This Week In Washington
Yesterday, House Republicans released their proposal to reform the tax code. Regarding higher education, the plan would remove tax liability for federal student loans that are discharged due to death or permanent disability, which under present law is taxed as income in the year the loan is discharged. It also proposes a 1.4% excise tax on the investment income of private colleges and universities. Finally, the plan proposes making changes to the American Opportunity Tax Credit and qualified tuition plans (commonly known as 529 college savings plans).
The Department of Education (ED) has begun offering voluntary buyouts to select staff working in the Office of Federal Student Aid (FSA). This separation incentive is a set payment made to those who choose to resign or retire early. This effort is in accordance with President Trump’s and Secretary Betsy DeVos’ stated mission to shrink the size of government.
News You Can Use
AccessLex Institute and the National Association of College and University Business Officers released a report examining the effects of tuition discounting on private law schools’ finances. The report finds that tuition discounting increased between 2015 and 2016 at participating institutions, resulting in a slight decline in net tuition revenue.

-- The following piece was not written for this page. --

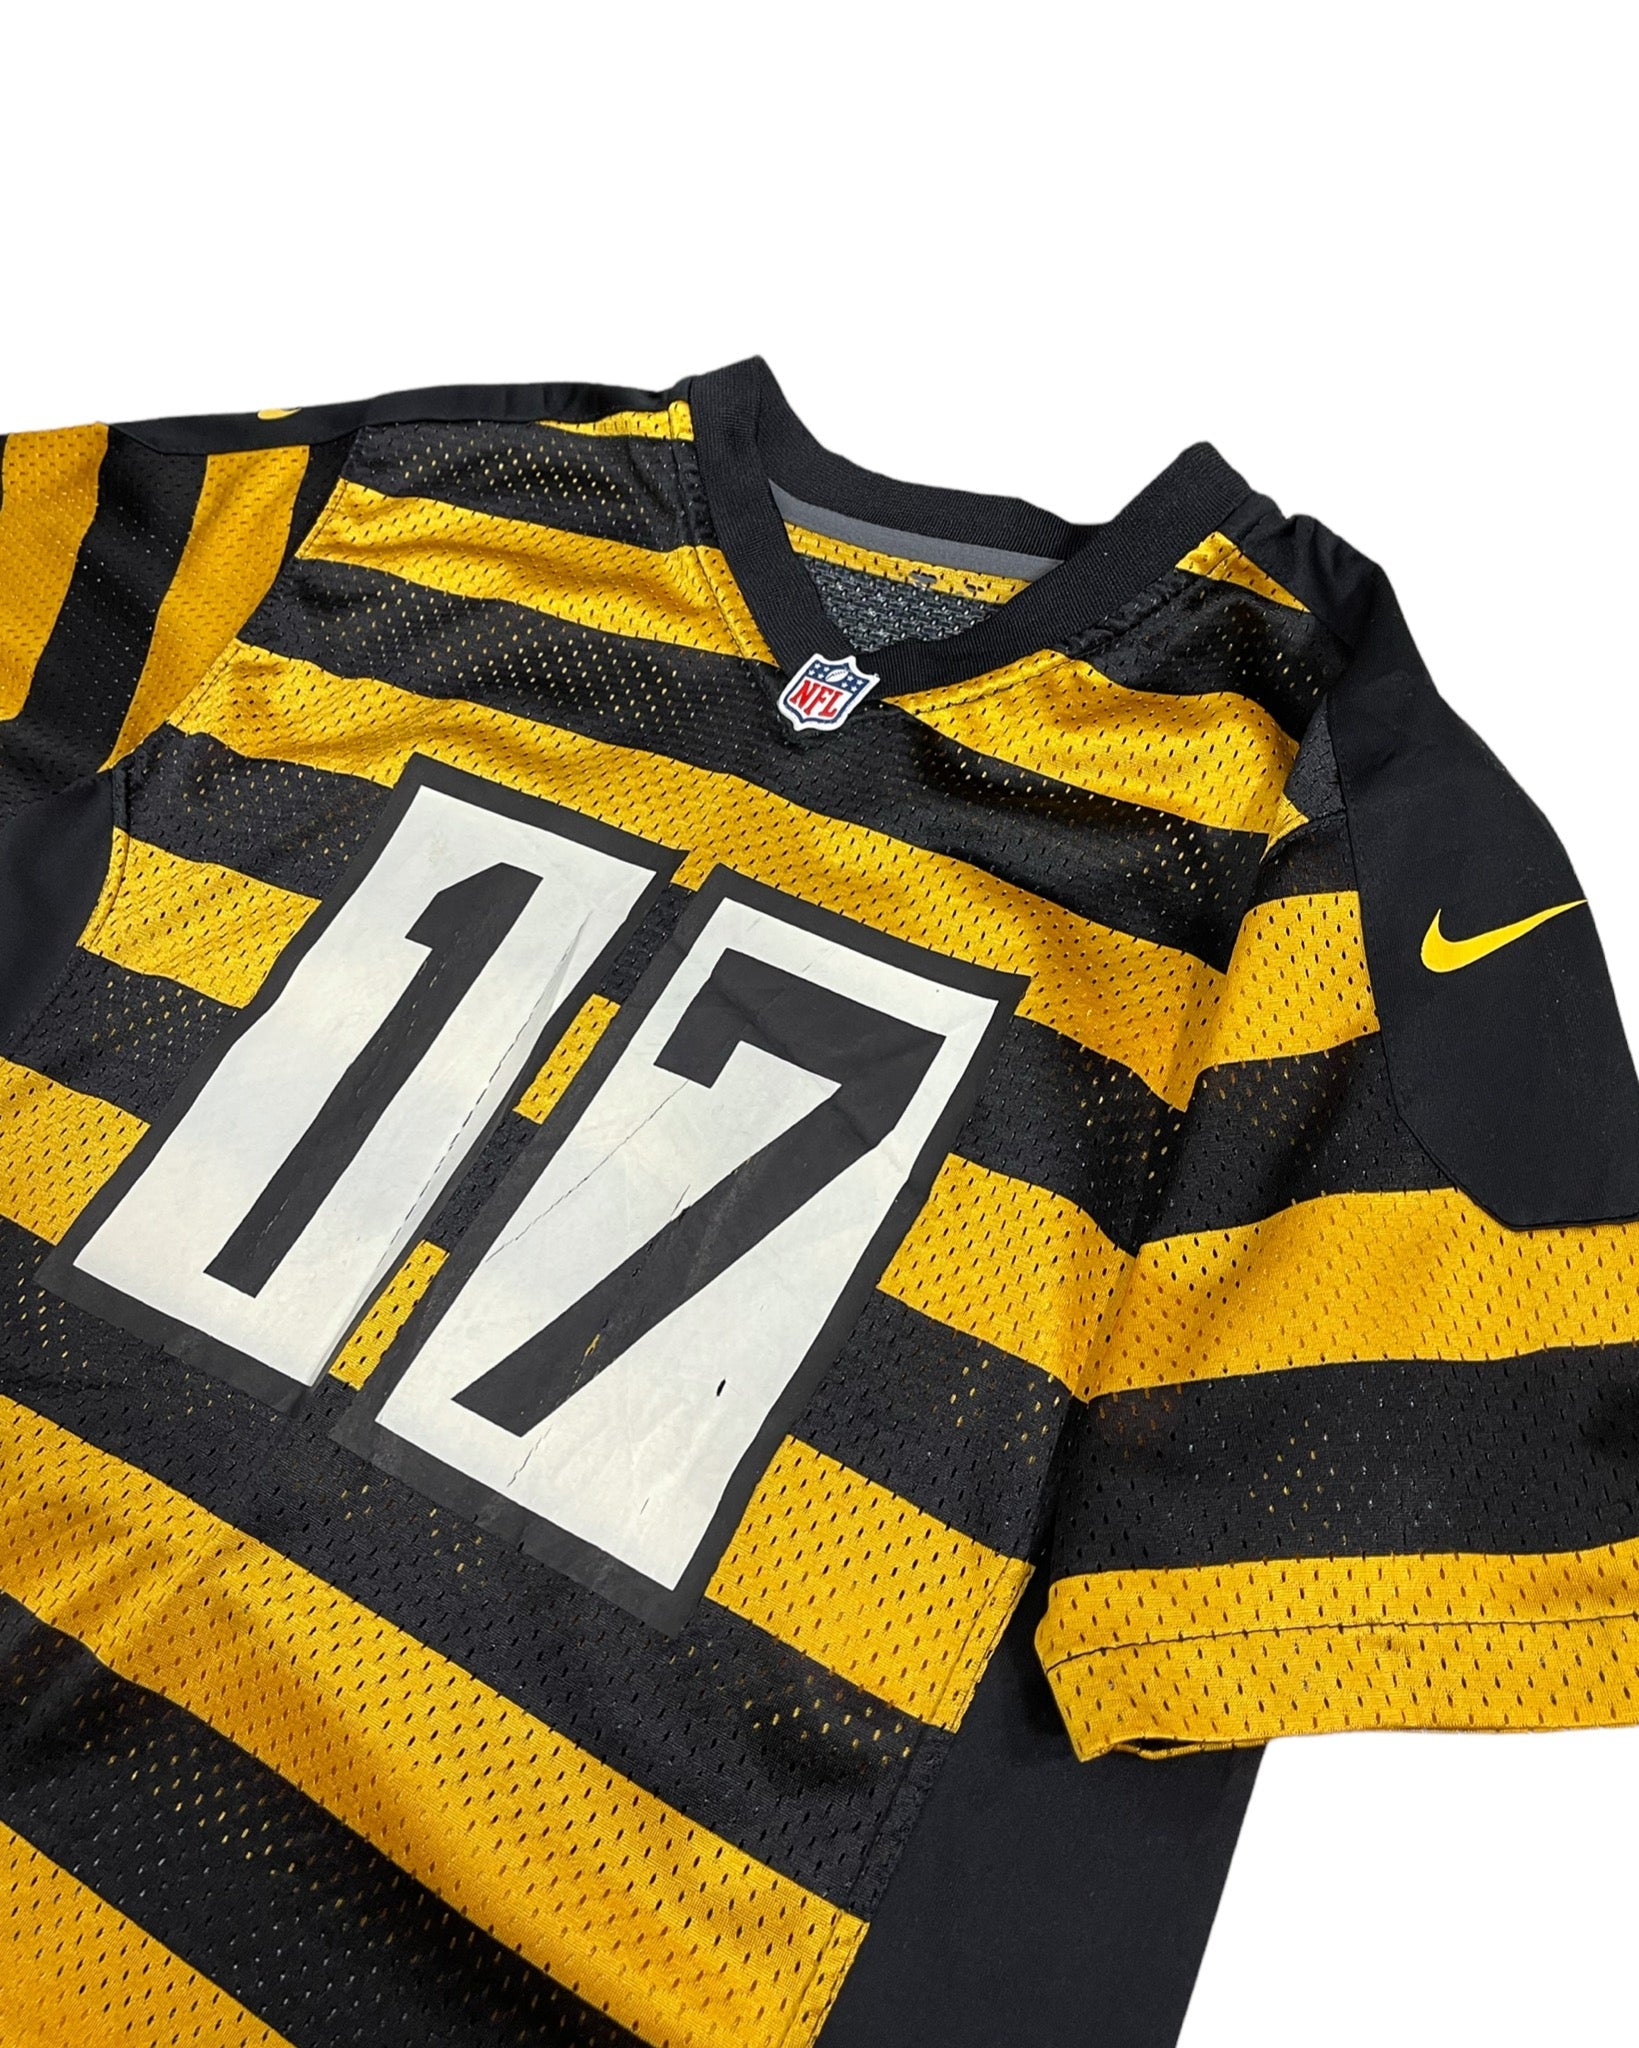   NFL Maillot de NFL - Pittsburgh Steelers - XS - PLOMOSTORE

The College Board released a report which provides detailed analysis on the sources and distribution of grants, loans and other student aid for the 2016-17 academic year and examines how student aid funding has changed over time. The report finds, among other things, that in 2016-17 federal student loans constituted 63 percent of the aid for graduate students.
The following bills were recently introduced for consideration by the 115th Congress (2017-2018):
H.R. 4135 – Upward Mobility Enhancement Act [Rep. Jason Smith (R-MO)] would allow employers to offer tax-free education assistance of up to $11,500 a year to their employees.
S. 2028 – Protect Student Borrowers Act [Sen. Jack Reed (D-RI)] would require higher education institutions to repay a percentage of defaulted loans and provides incentives for institutions to implement comprehensive student loan management plans.